Storage choices worked best when matched to workload (MongoDB, InfluxDB, PostgreSQL).

The Problem

The MATISSE project is a large-scale EU Horizon Europe initiative. At ESOGU, our lab (IFARLAB) works on several parallel research tracks:

Co-simulation models using FMI/FMU standards for industrial process simulation
ROS 2 telemetry from robotic systems for real-time monitoring
3D Digital Twins for visual representation of physical systems
YOLOv8-based defect detection for robotic quality inspection

Each of these was developed by different researchers, in different languages, with different data formats and deployment requirements. There was no shared infrastructure, no unified API, and no single dashboard where you could see everything.

The question wasn’t just “how do we deploy these?” — it was “how do we make them work as one system?”

The Architecture

I designed the IFARLAB Cloud Platform as a centralized ecosystem with a clear separation of concerns:

Platform API — The Central Hub

The Platform API is a Node.js/Express service that acts as the single entry point for all frontend requests. It connects to 6 backend services:

Simulation Service — dispatches and monitors FMI/FMU co-simulation runs
Telemetry Service — ingests and serves real-time ROS 2 data via WebSocket
Vision Service — handles YOLOv8 inference requests and returns detection results
Digital Twin Service — serves 3D model data and state synchronization
Auth Service — JWT-based authentication and role management
Dashboard Service — aggregates data for Grafana-embedded dashboards

Each service runs in its own Docker container. The Platform API handles routing, authentication verification, and response normalization.

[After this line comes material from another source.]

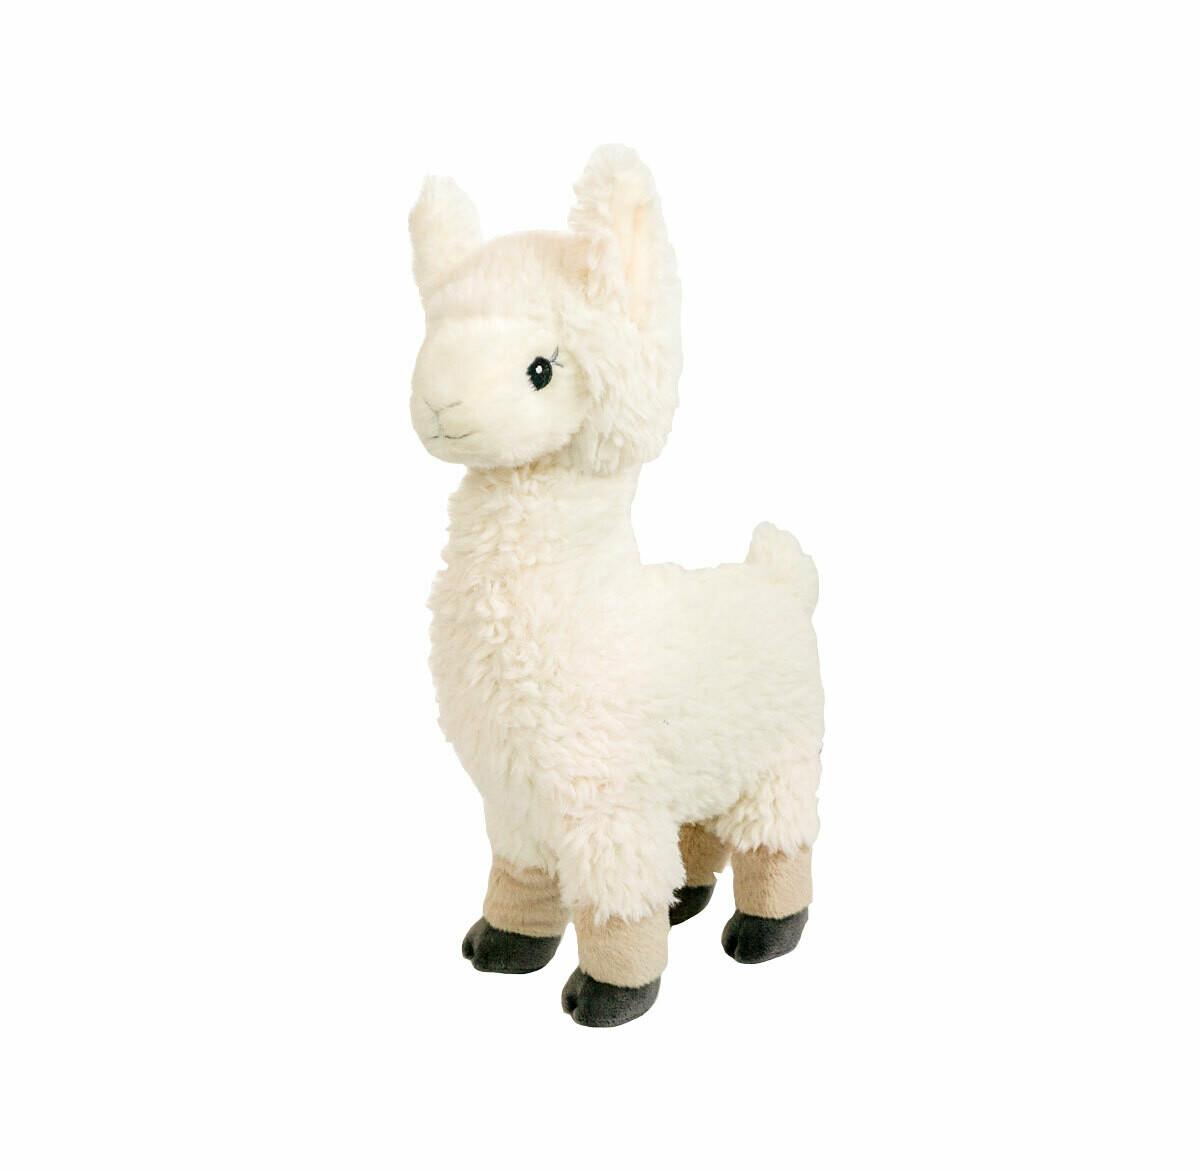 Teagan the Llama- Build-A-Plush Bundle - 16 inches

Why a Central API Instead of Direct Service Access?

The alternative was letting the React frontend call each service directly. We rejected this for several reasons:

Authentication — JWT verification happens once at the Platform API, not in every service
CORS management — one origin to configure, not six
Service discovery — the frontend doesn’t need to know service addresses; the Platform API handles routing
Rate limiting and logging — centralized, not duplicated
API versioning — easier to manage a single versioned interface

The trade-off: the Platform API becomes a potential bottleneck. For our scale (research lab, not millions of users), this was acceptable. For larger systems, you’d consider an API gateway like Kong or AWS API Gateway.

Deployment Stack

React Dashboard (Cloudflare CDN)
        ↓ HTTPS
Platform API (Node.js :3000)
    ↓ REST          ↓ WebSocket       ↓ REST
Simulation      Telemetry         Vision Service
(Python)        (Python/ROS2)     (FastAPI + YOLOv8)
    ↓               ↓                 ↓
MongoDB          InfluxDB          PostgreSQL

Everything runs on Docker with docker-compose for orchestration. NGINX sits in front as a reverse proxy handling TLS termination and load distribution.

Key Decisions

MongoDB for simulation metadata — simulations have varying schemas depending on the model type. Document storage handles this naturally without rigid table definitions.

InfluxDB for telemetry — time-series data from ROS 2 sensors needs efficient range queries (“give me all temperature readings from the last 5 minutes”). InfluxDB is purpose-built for this.

PostgreSQL for vision results — detection results have consistent structure (bounding boxes, confidence scores, labels) and benefit from relational queries and joins.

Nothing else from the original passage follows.